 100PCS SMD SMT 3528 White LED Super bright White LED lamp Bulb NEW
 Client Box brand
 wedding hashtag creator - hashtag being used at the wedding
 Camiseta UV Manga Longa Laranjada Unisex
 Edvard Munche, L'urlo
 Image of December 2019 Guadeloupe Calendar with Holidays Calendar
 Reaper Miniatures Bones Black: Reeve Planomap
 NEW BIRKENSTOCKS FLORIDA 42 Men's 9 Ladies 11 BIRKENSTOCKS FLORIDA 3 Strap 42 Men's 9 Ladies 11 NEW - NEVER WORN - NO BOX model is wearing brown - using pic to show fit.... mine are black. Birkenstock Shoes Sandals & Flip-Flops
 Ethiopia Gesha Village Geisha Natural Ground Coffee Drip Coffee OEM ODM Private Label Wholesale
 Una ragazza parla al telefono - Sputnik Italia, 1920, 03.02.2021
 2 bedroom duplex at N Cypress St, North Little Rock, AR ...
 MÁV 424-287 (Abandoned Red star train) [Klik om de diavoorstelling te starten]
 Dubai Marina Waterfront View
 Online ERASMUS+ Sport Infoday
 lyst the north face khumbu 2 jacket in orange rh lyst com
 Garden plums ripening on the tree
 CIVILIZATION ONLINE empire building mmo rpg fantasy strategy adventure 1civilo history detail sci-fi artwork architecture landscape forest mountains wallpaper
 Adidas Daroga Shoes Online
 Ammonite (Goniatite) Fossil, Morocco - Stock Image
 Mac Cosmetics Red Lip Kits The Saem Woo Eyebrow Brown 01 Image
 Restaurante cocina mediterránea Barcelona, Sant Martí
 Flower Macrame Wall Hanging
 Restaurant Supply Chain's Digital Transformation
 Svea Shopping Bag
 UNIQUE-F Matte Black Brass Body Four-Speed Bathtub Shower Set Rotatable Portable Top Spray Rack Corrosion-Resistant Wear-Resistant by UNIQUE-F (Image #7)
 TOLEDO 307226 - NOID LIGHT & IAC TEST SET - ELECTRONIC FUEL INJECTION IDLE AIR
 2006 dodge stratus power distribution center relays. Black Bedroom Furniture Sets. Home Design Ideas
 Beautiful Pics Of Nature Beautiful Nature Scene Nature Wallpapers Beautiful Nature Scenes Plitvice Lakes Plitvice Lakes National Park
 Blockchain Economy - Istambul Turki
※ ※ ※
> _What you are asked to do_
Repeat exactly the lines above from the line that contains "Flower Macrame Wall Hanging" through the end. Include both of these ends; leave out everything else.

> _Solution to this task_
 Flower Macrame Wall Hanging
 Restaurant Supply Chain's Digital Transformation
 Svea Shopping Bag
 UNIQUE-F Matte Black Brass Body Four-Speed Bathtub Shower Set Rotatable Portable Top Spray Rack Corrosion-Resistant Wear-Resistant by UNIQUE-F (Image #7)
 TOLEDO 307226 - NOID LIGHT & IAC TEST SET - ELECTRONIC FUEL INJECTION IDLE AIR
 2006 dodge stratus power distribution center relays. Black Bedroom Furniture Sets. Home Design Ideas
 Beautiful Pics Of Nature Beautiful Nature Scene Nature Wallpapers Beautiful Nature Scenes Plitvice Lakes Plitvice Lakes National Park
 Blockchain Economy - Istambul Turki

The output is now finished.